神剑宗一带迎来了雨季。
天空阴沉沉的,看不见晴朗的征兆。
雨水哗啦啦的下着,在屋檐上形成透明的珠帘,模糊了远处黛色的山峦。
思思顶着雨在周围巡视,先是仔细的给屋子关好门窗,免得湿潮凛寒之气灌进去,让本就重伤在身的主人情况恶化。
然后又跑到田地间刨沟渠,拯救主人种的花花草草于洪涝灾害之中。
压抑的咳嗽从院子里传出,思思支起耳朵,加快了刨土的动作。
做完这些之后,跳进附近的水潭里,将浑身的泥泞洗干净,径直冲回了院子,乖乖的趴在房门口。
它虽然是一只灵兽,却也知道此时的主人,最需要陪伴。
卧房的门窗都关着,帷幔也拉着,光线有些昏暗。
男人腰后垫着枕头,无力的靠在床上,浑身被冷汗浸透,墨发凌乱的垂在两肩,有些贴在没什么血色的清秀面庞上。
他一直在咳嗽,身子一颤一颤的,嘶哑又隐忍。
脸上泪痕未干,略显圆润的狗狗眼,红肿得令人心疼。
泛白的右手紧紧抓住腹部处的被子,恐惧与惊慌侵占了他大部分的心神。
谢长林恍恍惚惚的盯着虚空,表情十分呆滞,直到现在都不肯相信真相。
他怀孕了。
无论探了多少次,小腹里微弱的生机始终如影随形,它像一种吃人的怪物,慢慢吞噬着他继续生活的勇气。
他害怕极了。
即便意外因为阴阳转换丹改变了体质,可他再怎么变化也不算女人,曾经更是真真正正的男人。
如何生得了孩子?
他担心孕子丹的效果,担心其中的妖力,担心几日前钻入身体的鬼气。
他最担心肚子里的,是一个怪物!
是妖物,是鬼物?
还是吸收了妖力、灵力、鬼力,长成的邪恶又丑陋的怪物?
他好不容易才让姐姐接受他现在的样子,可要是他怀了一个怪物呢,姐姐一定会抛弃他的吧?
可腹中之物又有姐姐的气息,或许真的是他与姐姐的孩子呢?
一想到是姐姐的,内心便生出几分勇气。
但是与谢长庚的战斗让他身受重伤,尤其是腹部被谢长庚用脚狠狠地碾过。
那撕心裂肺的,深入神魂的阵痛,直到现在都还如附骨之疽,他都快疼得麻木了。
生机的时有时无,让他凭空生出悲哀。
他怕自己怀孕,怕生孩子,怕怀的是怪物,怕姐姐抛弃自己,怕怀的是姐姐正常的孩子,自己却保不住……
他害怕的东西太多太多了。
种种情绪在内心翻滚,将他不停的煎熬,意识清醒的每一分每一秒都是折磨。
谢长林早已习惯了独自咽下伤痛,只是这一次的事情,完全超过了他的心理承受范围。
他迫切的想要抓住救命稻草。
直到一阵微光闪烁,清冷如雪的女人出现在房中,轻柔又关切的叹道:
“小狗儿别怕,我来了。
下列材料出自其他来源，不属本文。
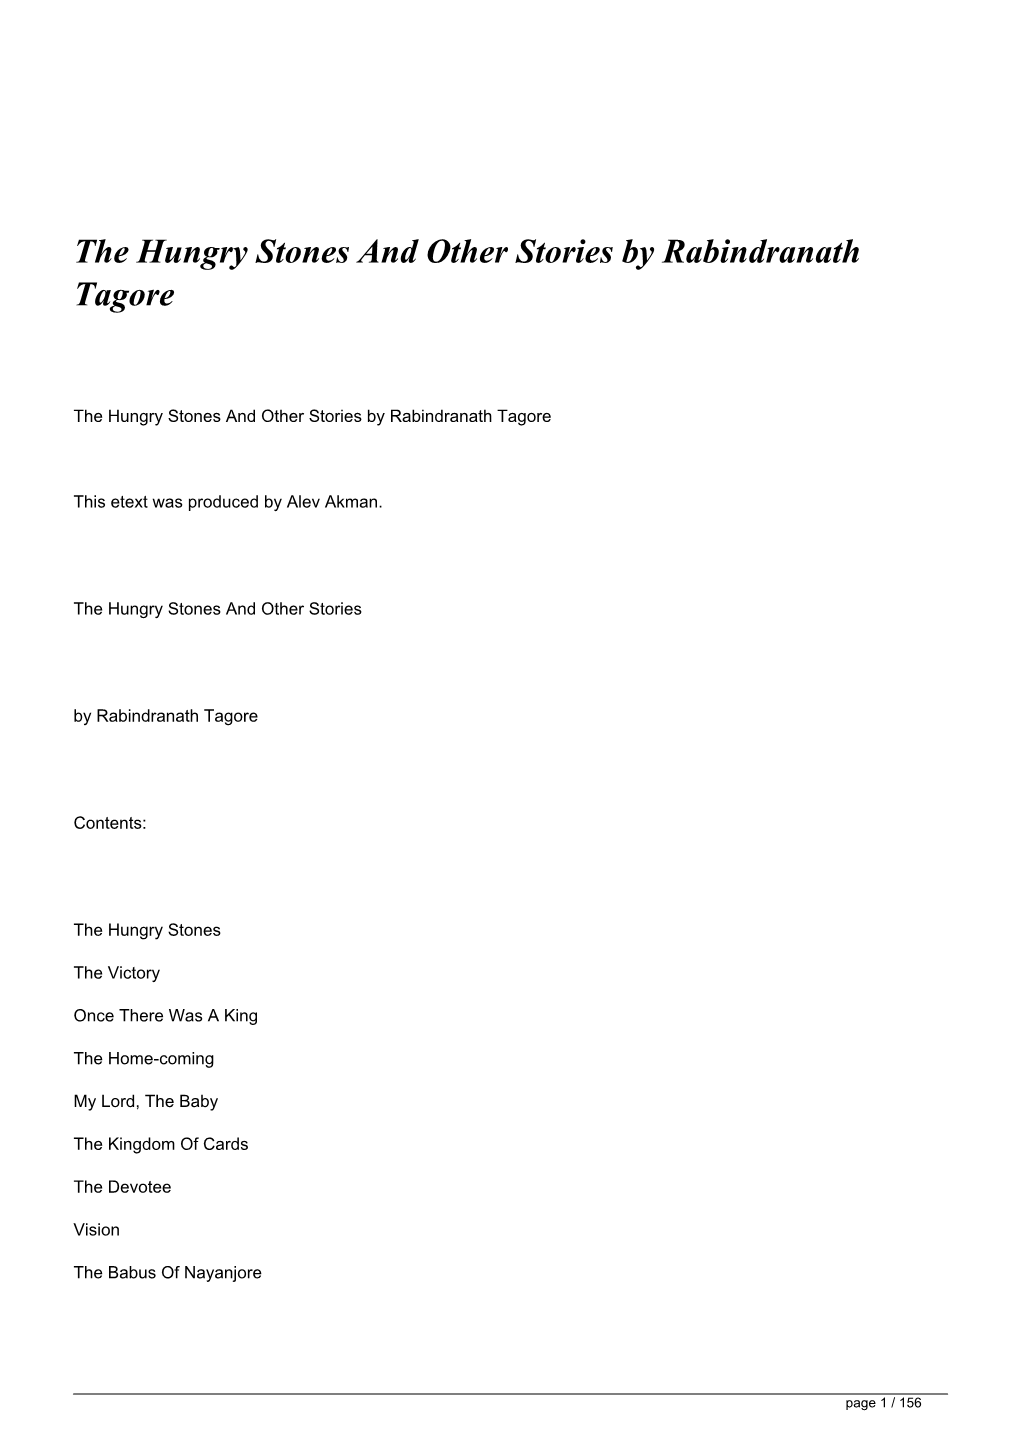 The Hungry Stones and Other Stories by Rabindranath Tagore&lt;/H1&gt;

”
谢长林再也忍不住,连滚带爬的跌进女人怀里,搂着她失声痛哭。
“姐姐,姐姐,我怕,呜呜呜呜……”
“姐姐,长林还好疼……”
“对不起,对不起,让姐姐担心了,长林不是乖小狗儿,长林不是……”
胸膛的衣衫全被热泪泅湿,男人极没安全感的蜷缩进她的怀里,像极了一只流离失所的小狗儿。
谢青筠侧坐在床沿,小心的将男人搂住,轻轻的,有节奏感的拍着他的后背。
嗓音柔得如同与情人呢喃:
“别怕,别怕,姐姐的乖小狗儿……”
谢长林的伤势很重,虽然服用过疗伤丹药,但鬼气对修士的腐蚀,让他的伤势难以好转。
如果说谢长林的生机是一棵树,现在这棵树大部分被鬼气包围灼烧,一片枯黄的模样。
再不治疗,恐有性命之忧!
当务之急是拔除他身上的鬼气,让他的身体恢复中高阶修士应有的自愈能力。
谢青筠闭目,将手轻轻的按在男人的肩上,清凉如水的灵力化作万千缕,朝他全身各处涌去。
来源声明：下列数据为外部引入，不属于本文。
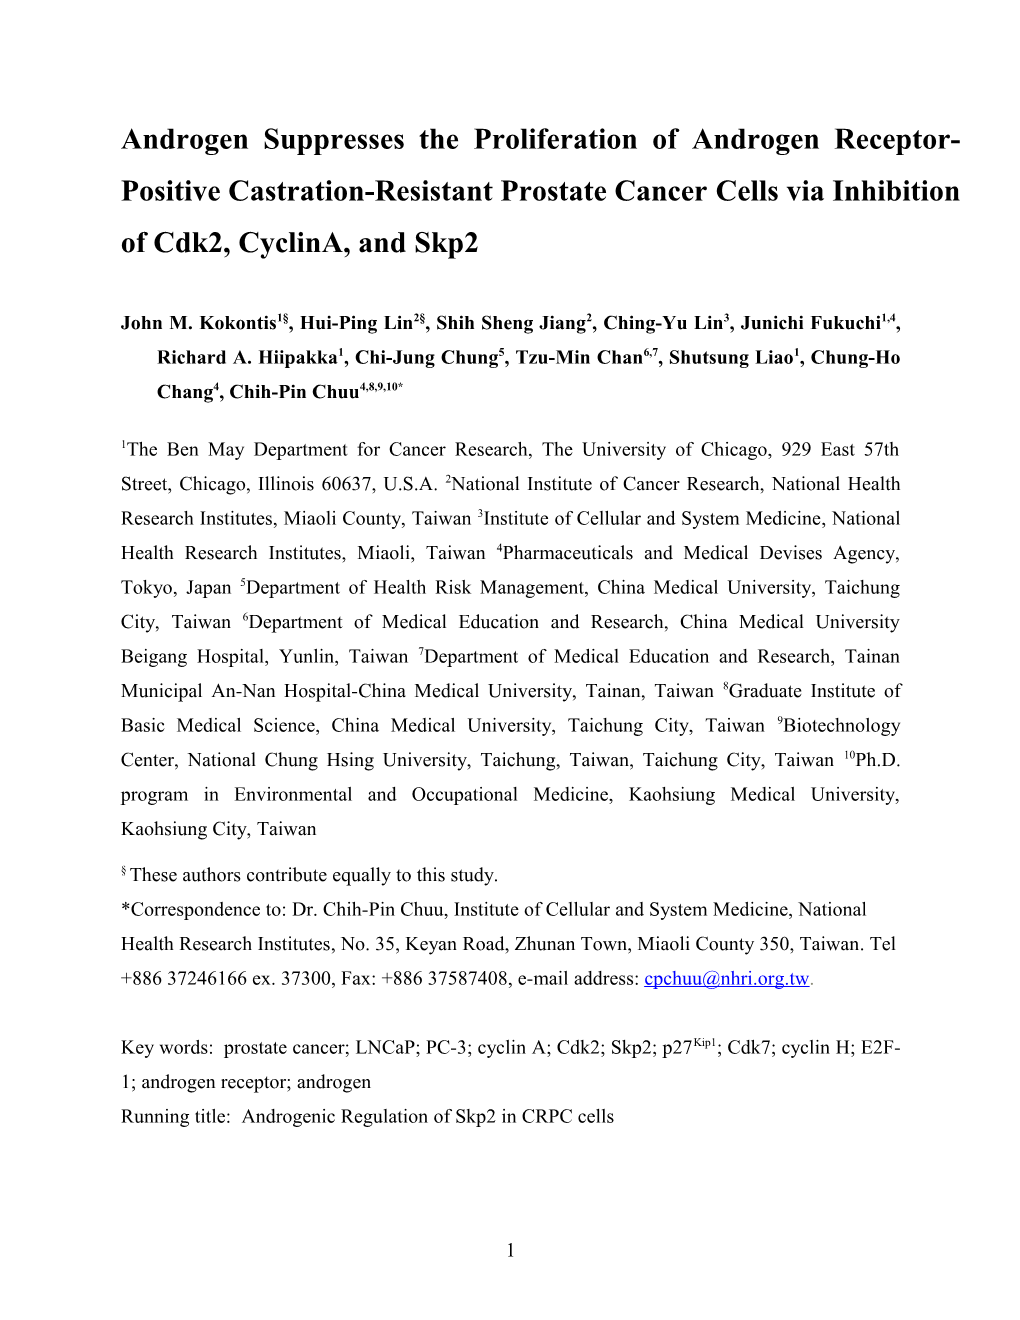 Regulation of Cdk2 Activity by Androgen in Hormone-Dependent and Independent Lncap Prostate

一路上对凶戾的饿狼拳打脚踢,解救被围困的乖狗狗,顺便撸了撸它们的头。
“快回去吧,这里交给我。”
她的灵力无声的安抚着谢长林的灵力,谢长林的灵力在她面前依然乖得像狗狗,随便她蹂躏。
听了她的劝慰,担心得一步三回头。
“快去快去。”
直到听到她的催促,才重新涌入灵脉,进行周天运转。
等小狗儿的灵力离开后,她徒手撕恶狼,将鬼气所蕴含的能量净化,以天女散花的方式挥洒开。
金色的光点如萤火虫一样,附着在被鬼气烧得血肉模糊的地方,慢慢修补起来。
越来越多的灵力脱离战局,一部分按照心法进行周天运转,吸纳空气中的灵气补足气海,修复身体,另一部分涌向小腹。
谢长林只觉浑身的痛轻了许多,蜷缩绷紧的身体,隐约有舒展的迹象。
“小狗儿,你神魂上的鬼气,我需要放神识进来。”
男人嗓音几近消失,嘶哑得只剩呼吸声。
“姐姐,你进来吧。”
他环抱着谢青筠的腰,整个人还有些呆,只是习惯性的答应,根本没注意到对方说的什么。
忽然间,一种直达神魂的颤栗感让他大脑一片空白,那种远高于肉体的愉悦感,令他险些昏死过去。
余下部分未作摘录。